Categories of life skills include: 
•    Self-advocacy
•    Personal finance
•    Transport and community involvement
•    Leisure and recreation opportunities and activities
•    Home living skills
•    Career path and employment.
•    Relationships and Sexuality Education, including friendships
Effective teaching of issues around life skills and sexuality education involves close collaboration between schools and parents to ensure messages are clear for autistic students. This session will examine the impact of adolescence on young autistic people and examine the broad definition of life skills, within the contexts of work, leisure, and personal care, and how difficulties may directly affect the development of life skills. Participants will be shown how to incorporate behavioural interventions with visual strategies to help autistic teenagers cope with some of the typical issues of adolescence and the acquisition of life skills. 
It will also focus on the delivery of relationships and sexuality education for autistic students.    
Participants will:
•    Have a greater understanding of how difficulties may affect the development of life skills in work, leisure, and personal care.
•    Learn and develop methods to assess and teach life skills in the School and family environment.
•    Be more able to facilitate students to achieve greater independence in relevant daily activities such as play, work tasks, personal hygiene, toileting, and organisational skills. 
•    Have an increased understanding of the opportunities available to improve and develop students’ life skills within the school and home environment.
•    Understand the impact of adolescence on autistic students.
•    Learn some strategies involving behavioural and visual strategies that will provide supports to autistic adolescents.
•    Provide strategies for the delivery of sex and relationships education to autistic students.

Notes

Location

Limerick Educate Together Secondary School

Get Directions
Joan McDonald

Joan McDonald

Joan is a second level science teacher working independently as Posautive.
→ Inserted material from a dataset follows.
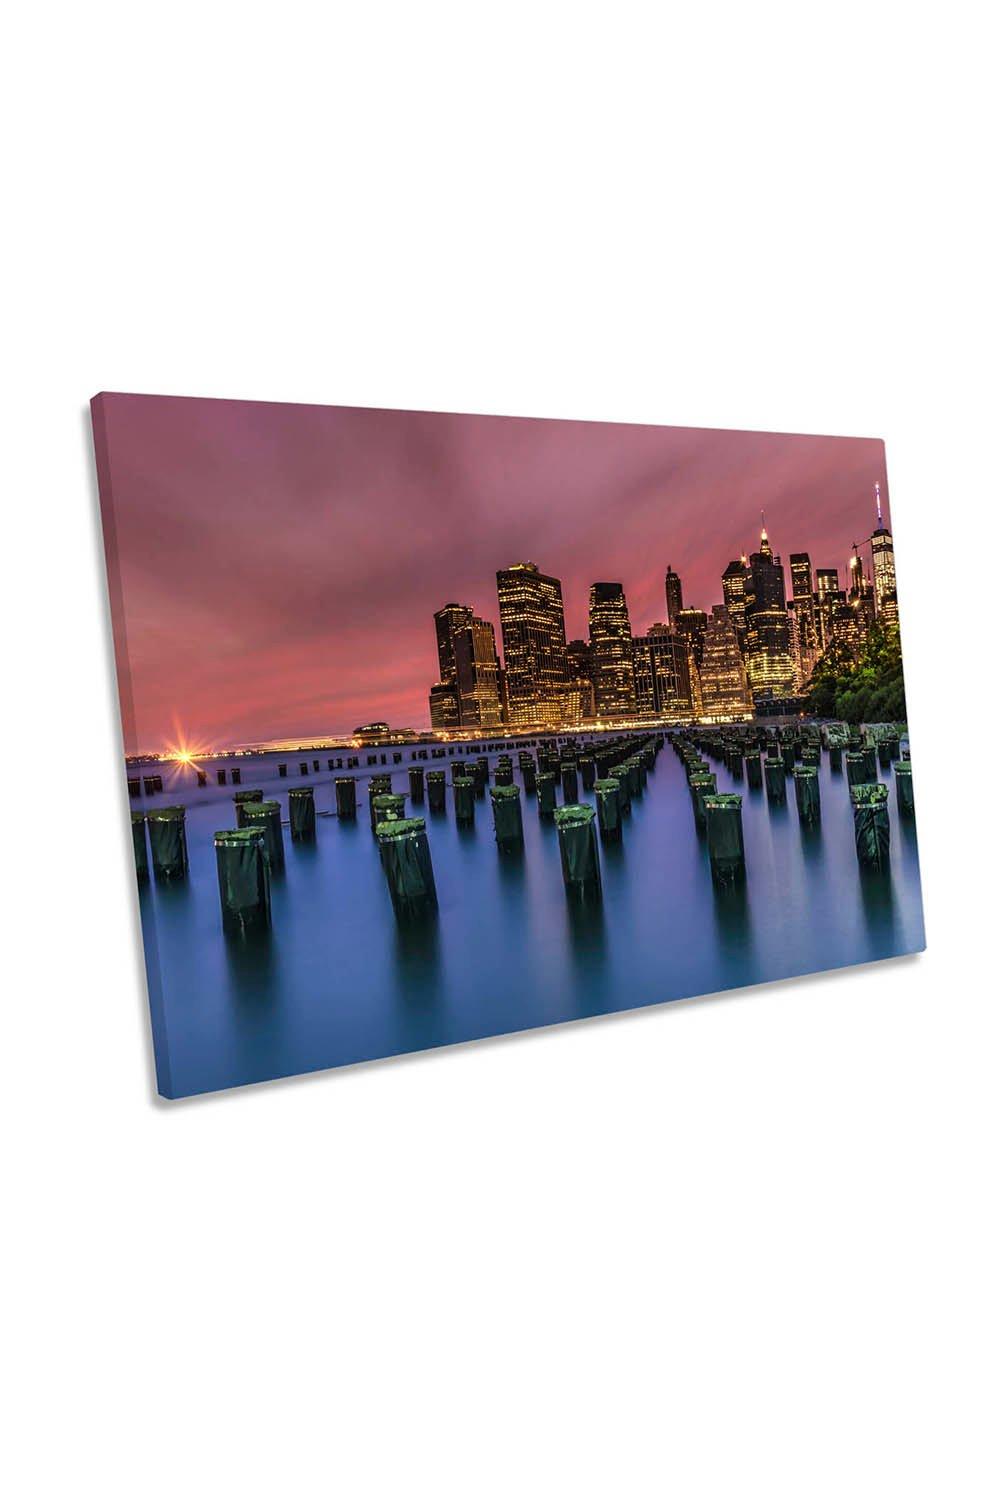 New York City NYC Skyline Canvas Wall Art Picture Print

Following many years teaching in mainstream classrooms, Joan worked on individual planning in centres for adults with learning disabilities and those with mental health struggles. She, then, became one of the first SENOs in Ireland, observing and providing school supports for students with atypical needs across eighty rural schools. While studying for an M.Ed. in Autism, Joan was taught by and met a variety of autistic adults, which ultimately led to her own autism assessment. Prior to meeting such a diverse range of autistic people, Joan would only have recognised autism in people with profound and complex support needs. Joan is passionate about using students’ interests to support autistic learners of all levels of cognitive ability to access education and contented lives. She currently works on a variety of projects with agencies such as Middletown Centre for Autism, Dublin City University, Nua Healthcare, Fingal Libraries. In recent years, creating and delivering the Posauteen and Posaudult courses to help autistic people understand and advocate for themselves has been a major focus of Joan’s time.